With no resources specified

With task time of 2 seconds, and n_workers = n_tasks I expect the job to finish after 2 or 3 task times because a communication ratio must be computed by the scheduler. This appears to be true (with some extra time for overhead):

start = time.time()
worker_kwargs = {'processes' : True,
                 'threads_per_worker' : 1,
                 'n_workers' : 10,
                 'resources' : None}
output = run_staggered_workers(worker_kwargs, task_time = 1)
end = time.time()
print(end - start, "seconds")

4.981343030929565 seconds

# The process and thread ids used demonstrate that multiple workers executed the tasks:
output

[(96575, 123145573806080),
 (96578, 123145482354688),
 (96387, 123145362042880),
 (96579, 123145490063360),
 (96581, 123145560764416),
 (96573, 123145329250304),
 (96572, 123145478262784),
 (96576, 123145584574464),
 (96580, 123145451167744),
 (96387, 123145362042880)]

With resources specified

When resources are specified for the jobs, job redistribution does not occur:

start = time.time()
worker_kwargs = {'processes' : True,
                 'threads_per_worker' : 1,
                 'n_workers' : 10,
                 'resources' : {'foo' : 1}}
output = run_staggered_workers(worker_kwargs, task_time = 1)
end = time.time()
print(end - start, "seconds")

11.634655237197876 seconds

The process and thread ids used demonstrate that only one worker executed all the tasks:

output

[(96796, 123145410646016),
 (96796, 123145410646016),
 (96796, 123145410646016),
 (96796, 123145410646016),
 (96796, 123145410646016),
 (96796, 123145410646016),
 (96796, 123145410646016),
 (96796, 123145410646016),
 (96796, 123145410646016),
 (96796, 123145410646016)]

Feb 05 '19 11:02 leej3

Thanks a lot for the stand-alone snippet @leej3! I can reproduce the behaviour.

Feb 06 '19 10:02 lesteve

Reading @leej3's post more closely, it is not using .adapt so maybe this is a slightly different problem ...

Feb 06 '19 11:02 lesteve

sorry I missed the .scale in @leej3's post, so I guess this is the same problem as .adapt. Here is a slightly simpler snippet to reproduce the problem:

import time
import os
import threading
import pprint
import webbrowser

from dask.distributed import Client, LocalCluster


def do_work(task_time=0.5):
    time.sleep(task_time)
    return (os.getpid(), threading.current_thread().ident)

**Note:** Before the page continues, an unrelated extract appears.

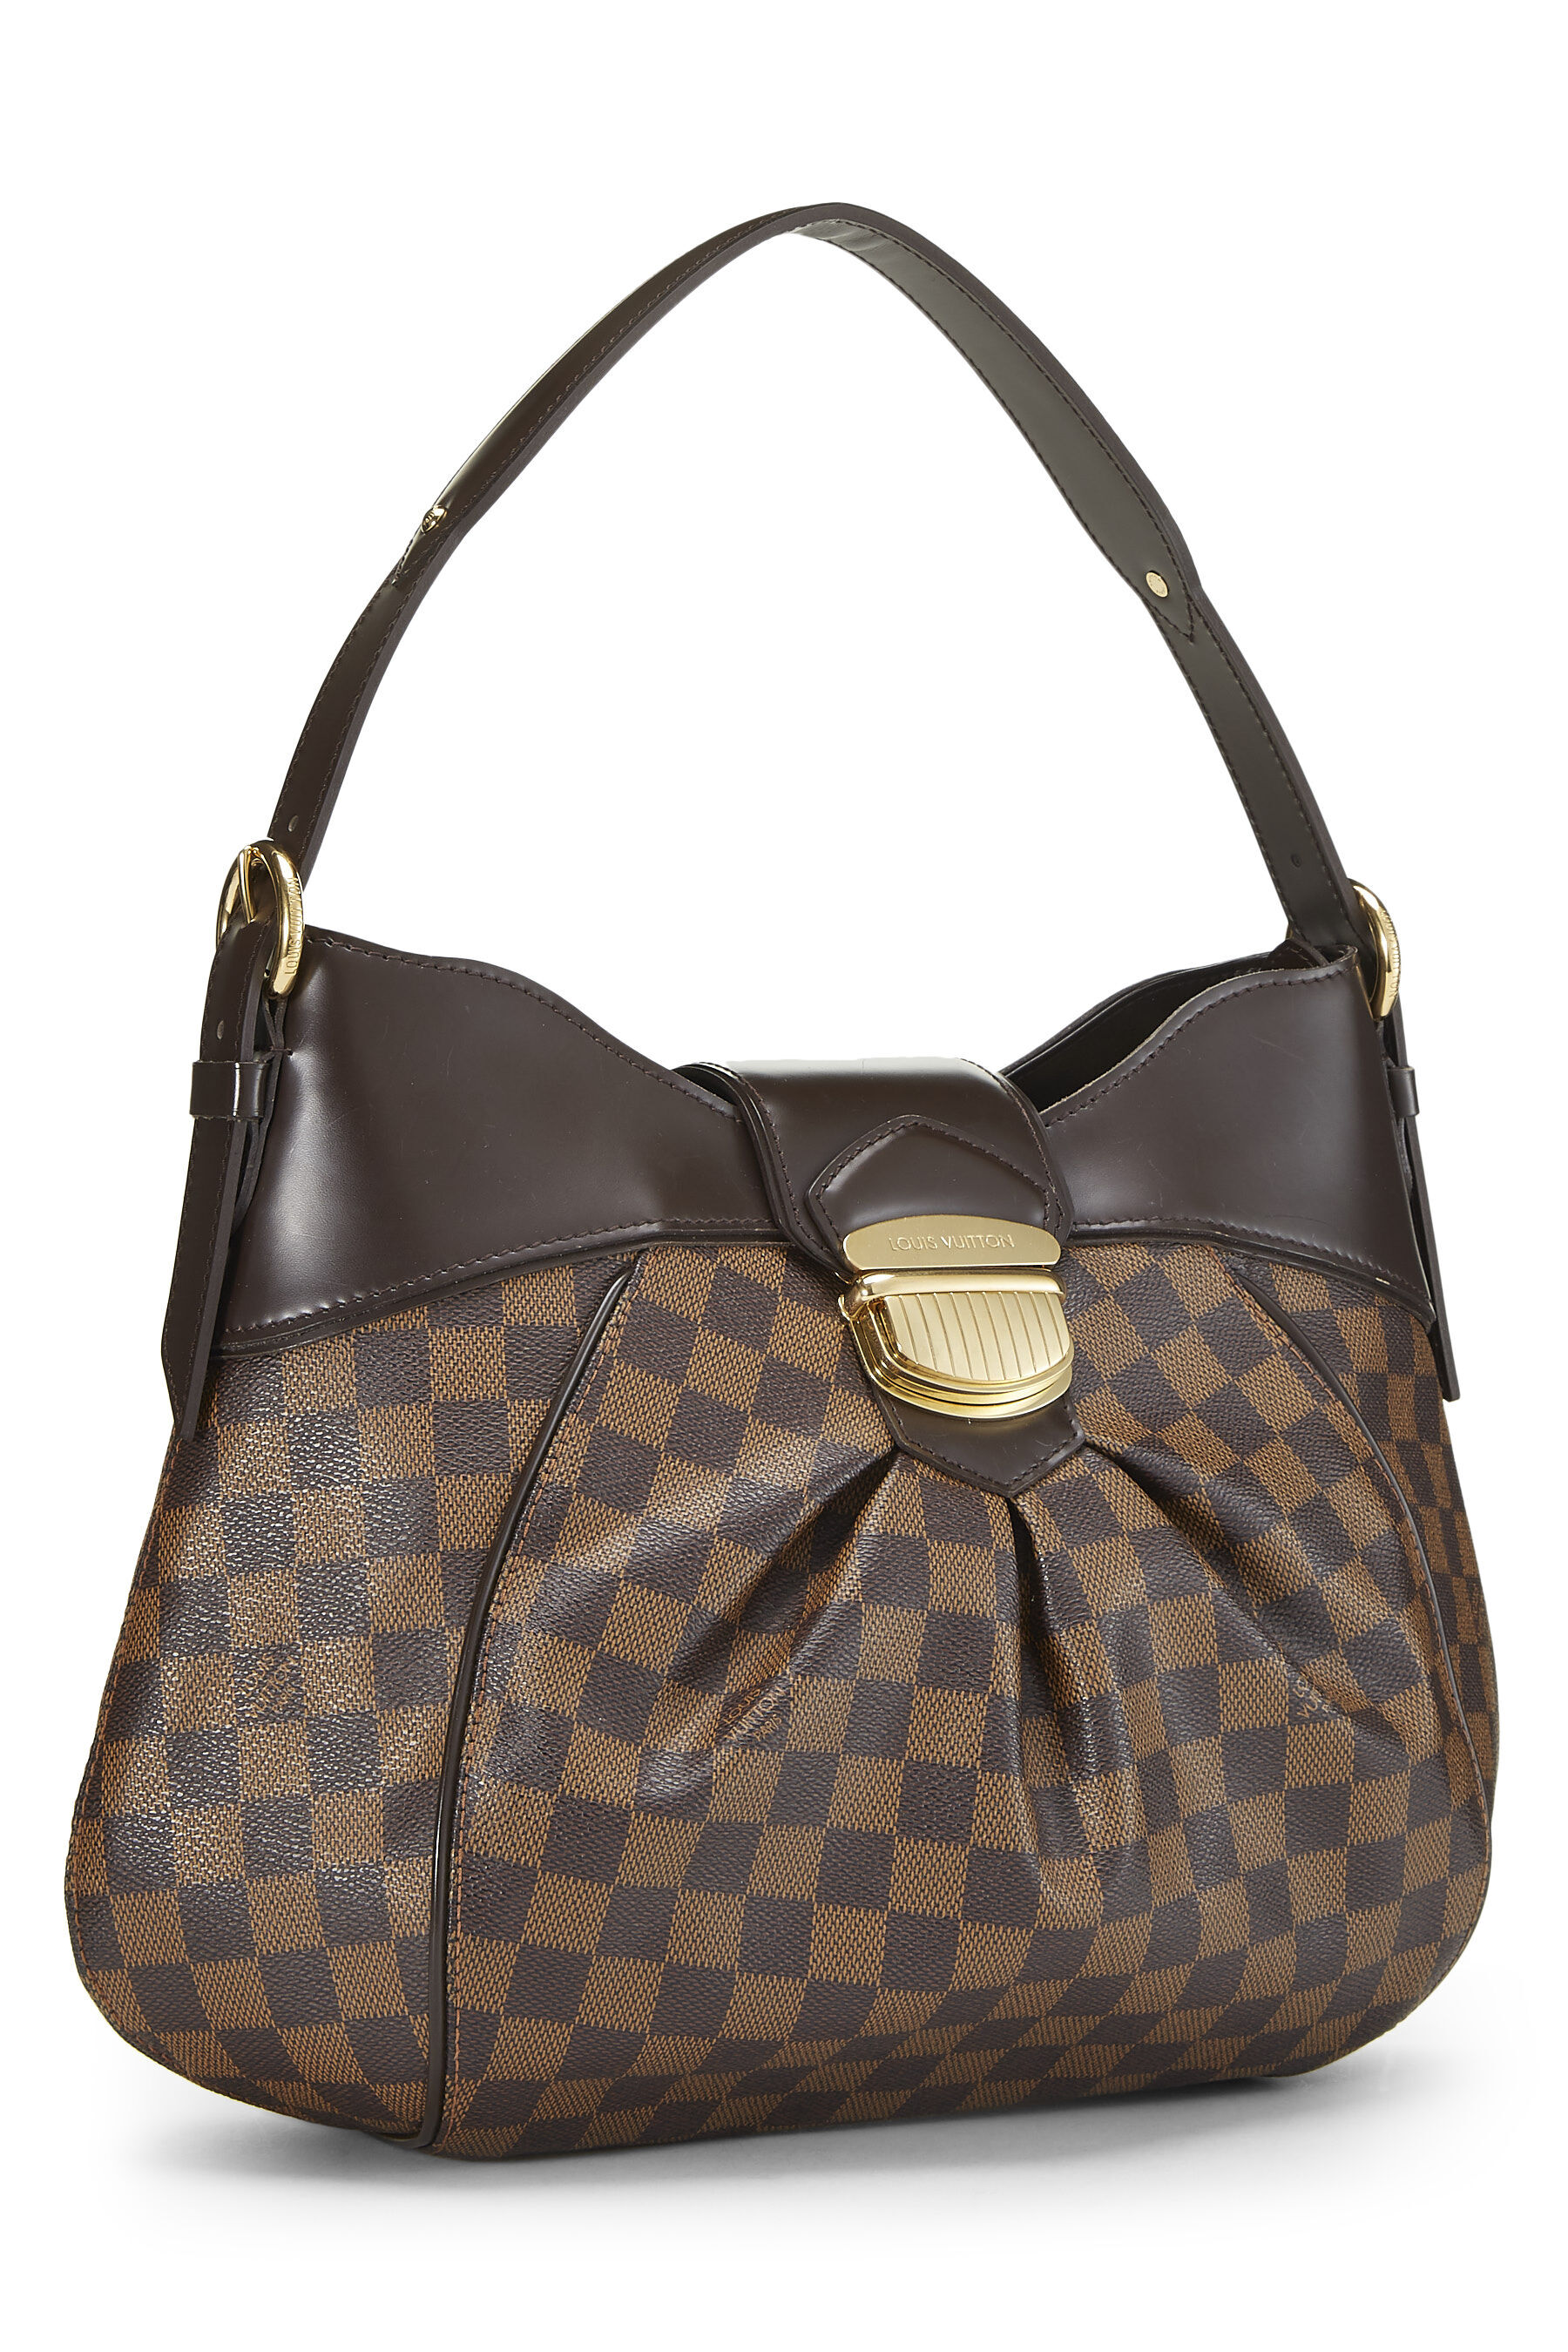 Shop Louis Vuitton Vintage Bags | LV Second Hand Bags | WGACA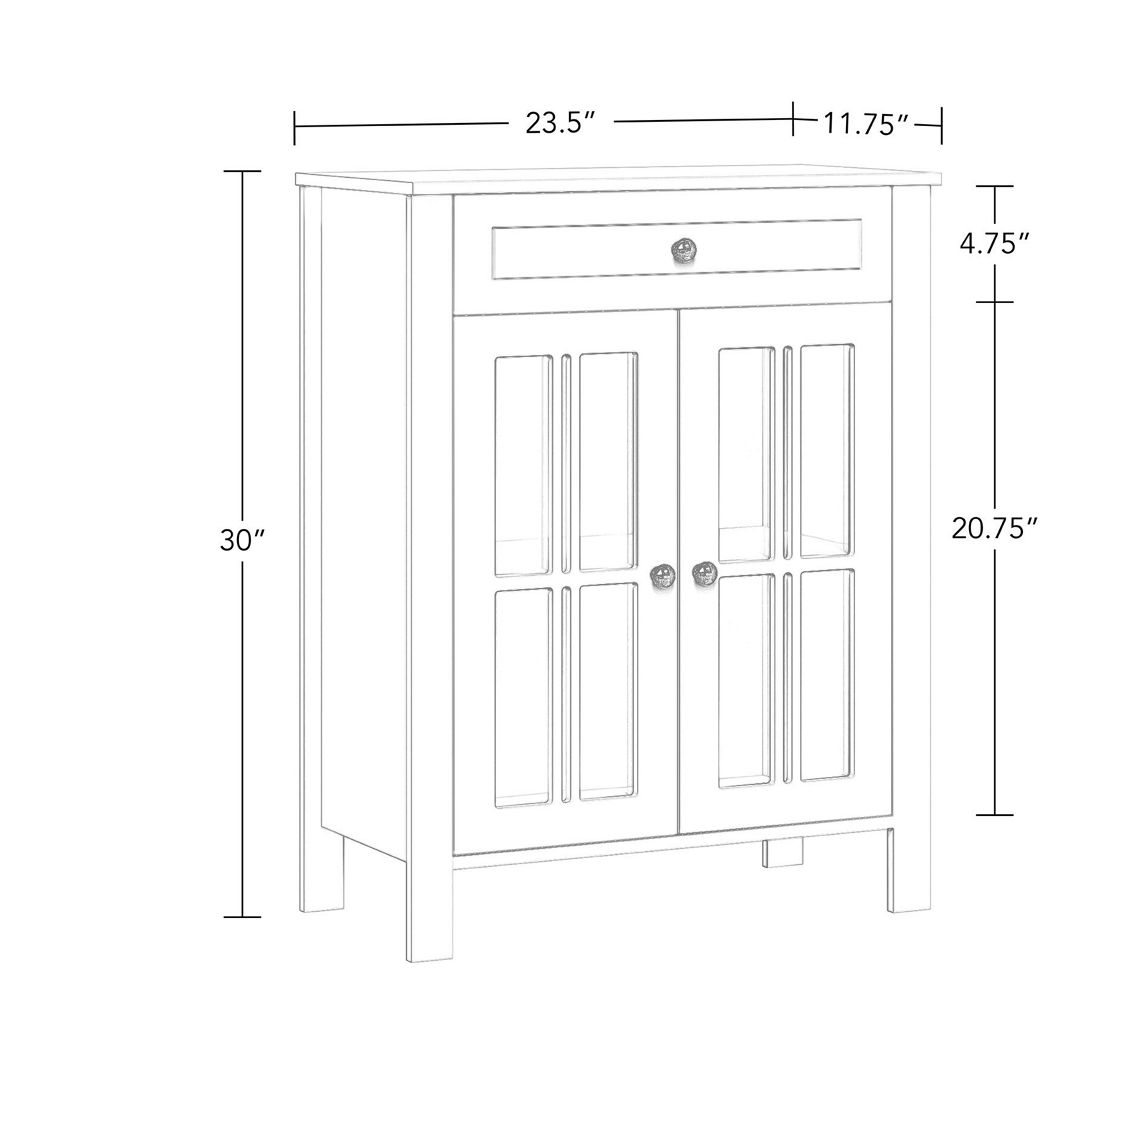 RiverRidge Danbury Two-Door Floor Cabinet - Image 4 of 5

cluster = LocalCluster(n_workers=1, threads_per_worker=3, resources={'foo': 1})
client = Client(cluster)
dashboard_port = client.scheduler_info()['services']['bokeh']
print('dashboard:', dashboard_port)
# uncomment next two lines if you want to open the dashboard. sleep 5s to give
# time to the tab to load
# webbrowser.open(f'http://localhost:{dashboard_port}/status')
# time.sleep(5)
t0 = time.time()
futures = [client.submit(do_work, pure=False, resources={'foo': 1})
           for i in range(20)]
cluster.scale(2)
output = client.gather(futures)
pprint.pprint(output)
print(time.time() - t0)

Output:

[(11660, 139795962357504),
 (11660, 139795962357504),
 (11660, 139795481229056),
 (11660, 139795962357504),
 (11660, 139795481229056),
 (11660, 139795472836352),
 (11660, 139795481229056),
 (11660, 139795962357504),
 (11660, 139795481229056),
 (11660, 139795472836352),
 (11660, 139795481229056),
 (11660, 139795962357504),
 (11660, 139795481229056),
 (11660, 139795472836352),
 (11660, 139795481229056),
 (11660, 139795962357504),
 (11660, 139795481229056),
 (11660, 139795472836352),
 (11660, 139795481229056),
 (11660, 139795962357504)]
10.067777633666992

Summary of the issue:

submit some tasks using resources
scale up your cluster
workers that are added after the task submissions are never used to do some tasks (bug only exists when using resources)

Feb 06 '19 14:02 lesteve

Thanks. A nice minimization too. Based on previous comments of this issue it seems like it will be tricky to modify the scheduler to work in a desirable manner for this case without adding unacceptable overhead to the default case where resources are not specified. At least we now have a nice and simple test for it though.

Feb 06 '19 15:02 leej3

I guess the first thing to do would be to look at @mattilyra's branch https://github.com/mattilyra/distributed/commits/resource_accounting_for_valid_workers.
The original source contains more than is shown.